Non-Stopper-Sided Loopy Games

• Non-stopper-sided loopy games are infinite cyclic combinatorial games where play may revisit positions and neither player can force termination.
• They are formulated via a coalgebraic extension of Conway's theory, which highlights unique strategic and topological challenges.
• The framework reveals complex play structures and draw outcomes, complicating canonical classification and the search for a generalized Grundy theory.

A non-stopper-sided loopy game is a combinatorial game, possibly infinite, for which play may revisit previous positions (i.e., the associated digraph contains cycles), and in which neither player can unilaterally force termination under infinite play when playing as "Left" or "Right." This distinguishes such games from "stoppers," where alternation of moves must always yield a finite play, and from "stopper-sided" games, where at least one player possesses a forced-ending strategy. Non-stopper-sided loopy games thus exhibit fundamentally different strategic properties, raise questions of determinacy and contextual equivalence, and pose significant challenges for topological classification and canonical analysis within combinatorial game theory (Honsell et al., 2011, Burke et al., 15 Jan 2026).

1. Fundamental Definitions and Coalgebraic Framework

Non-stopper-sided loopy games are formulated within the coalgebraic extension of Conway's theory of combinatorial games.

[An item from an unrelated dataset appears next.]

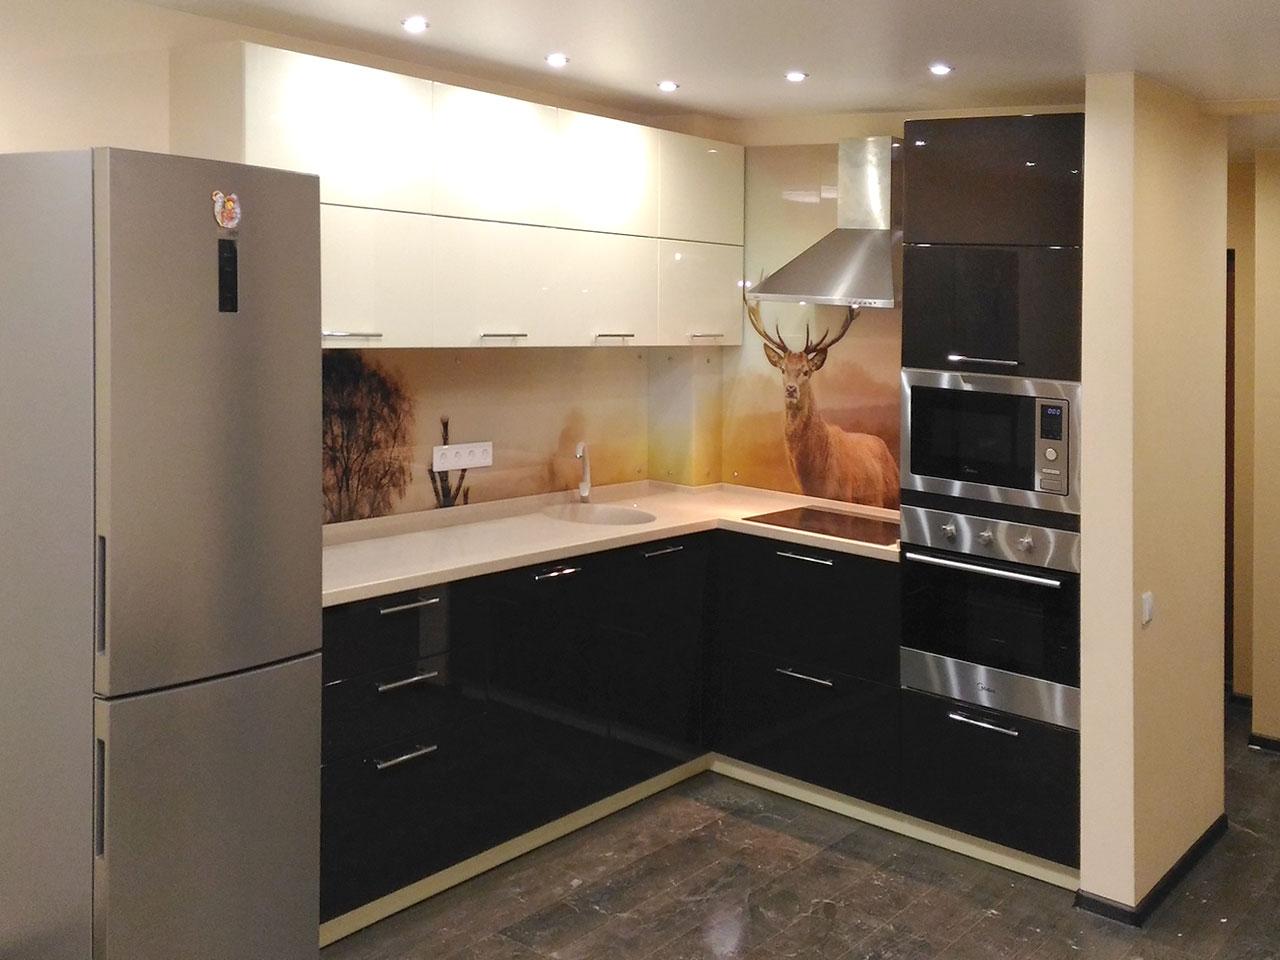 Фото. Угловые кухни. Цена 190 тыс. рублей

Let $F : \mathrm{Class}^* \to \mathrm{Class}^*$ be the functor $F(X) = \mathcal{P}(X) \times \mathcal{P}(X)$. A hypergame is an element $G$ of the final $F$-coalgebra $(\mathcal{H}, \text{id})$, i.e., $G \in \mathcal{H}$ with $G = (G^L, G^R)$ for sets of Left and Right options $G^L, G^R \subseteq \mathcal{H}$. This coalgebraic formulation admits non-wellfounded games: $G$ may appear in its own option set, enabling loops and allowing for infinite plays (Honsell et al., 2011).

A loopy game is any $G$ where its play-graph contains a cycle; non-stopper-sided refers specifically to loopy games in which neither player has a forced-ending (stopper) role under standard alternation (Burke et al., 15 Jan 2026). In combinatorial-games folklore, stopper-sidedness refers to the ability of one player to force game termination. When neither Left nor Right can achieve this, the game is non-stopper-sided.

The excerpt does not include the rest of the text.